Do you have any idea of the mental toll taken on shelter staff when day after day they have to kill frightened, loving animals because the people who should have been responsible for them shirked that responsibility? Weekly – sometimes even daily, the shelter workers in California have to kill dogs they’ve come to know – they’ve seen them arrive at the shelter bewildered and terrified – unable to understand how they ended up in this place that reeks of illness and death. They’ve watched as the days tick by, and some of the dogs begin to maybe hope that they will live, and others give up – knowing they will never leave this place alive. And then, these same people have to do what the dogs sensed the day they arrived.
So the shelters, and the rescue workers in California have been happy and relieved to find that there are places to send these dogs, and people to help them. The citizens of California have failed in their responsibility but someone else has stepped up. And they don’t question too much, the good luck of the dogs – they’re just grateful that when they send 60, or 70, or 80+ dogs out the doors, it means they have that many fewer euthanizations to perform that week. Unfortunately taking all of these animals from your shelters and finding them forever homes isn’t always the fairytale ending that we’d like to see. I’ve no doubt that some of these folks who take 60, or 70, or 80 dogs at a time mean well – it’s hard to turn your back on a dog shaking in the back corner of a kennel – knowing that by leaving it you’re committing it to certain death.
Unfortunately, hearts are larger than resources – and messes like the one in Brooks happen.

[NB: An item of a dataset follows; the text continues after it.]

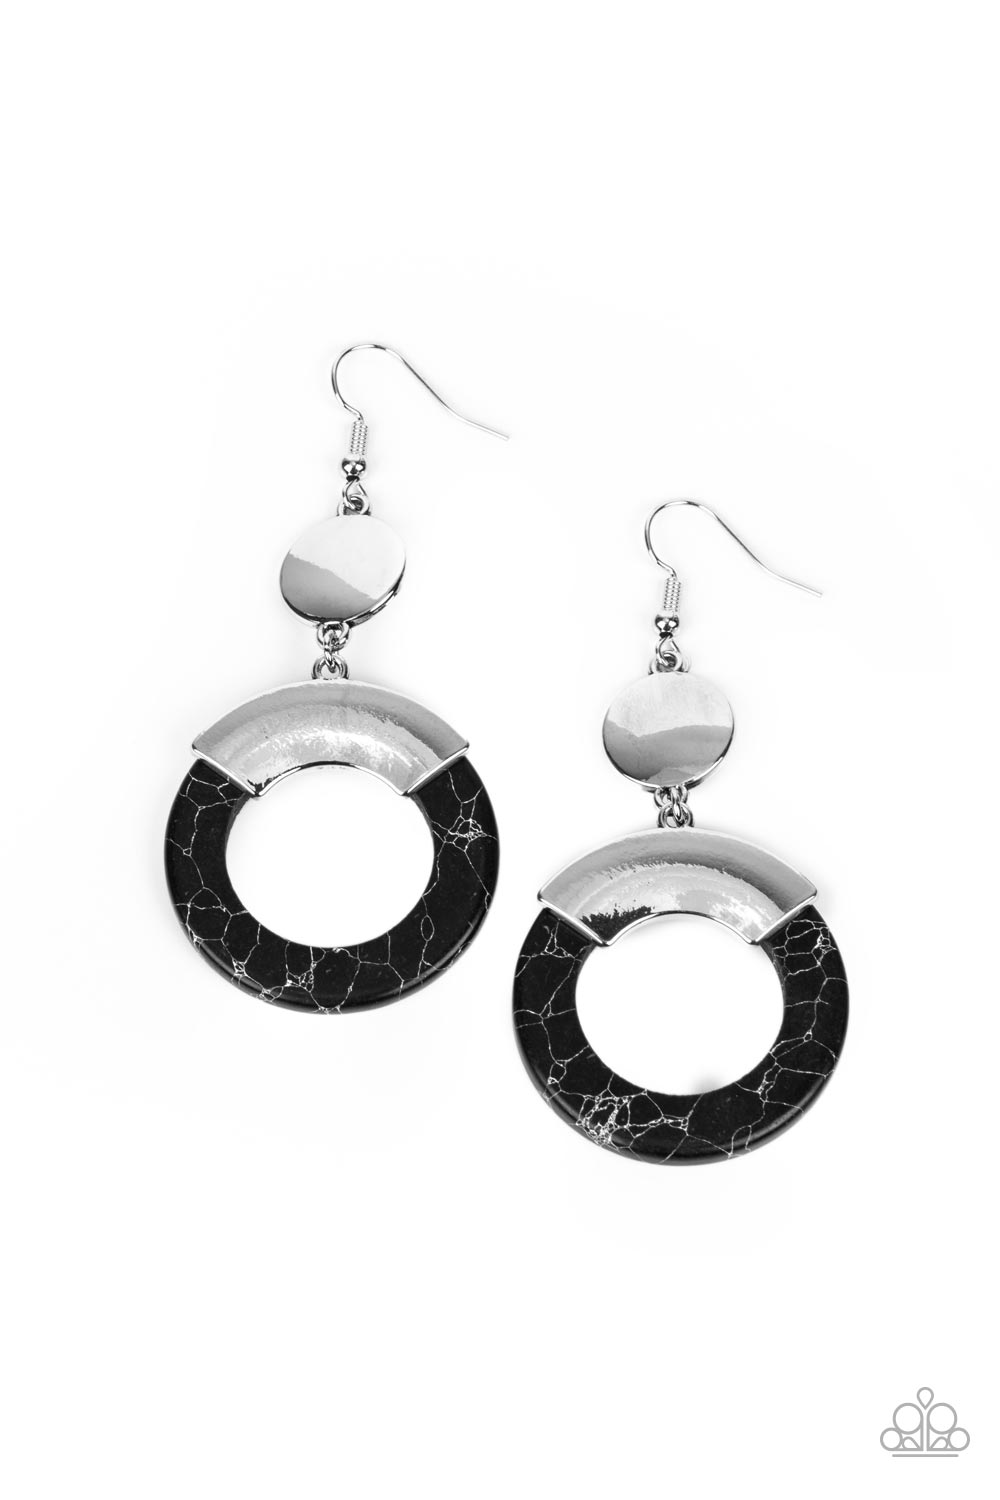 ENTRADA at Your Own Risk - Black (Stone Hoop) Earring

As one rescuer commented: “I really wonder when the people of California will pull their heads out of [the sand] and do something about pet overpopulation. The Orange County shelter alone serves a population of over 4 million people; it’s ludicrous. Oregon and Washington – we have our own issues….it’s heartbreaking and it’s sad and it wrenches my gut that in my house tonight I have two senior boxer boxer/mixes who were “saved” from California…NOT. Lucky them, they found their way to my house and will be rehabbed and adopted…for those that have died, still not safe, I honestly lose sleep and am an emotional wreck because of the naivete of all of us who thought “everything would be all right.”
Governor Brown: California has a mess, and you all need to get your act together and clean it up instead of allowing someone else to do it for you. Because, the emotional and financial resources for the people who have been helping are dwindling quickly. We can’t help you much longer – we can barely take care of our own.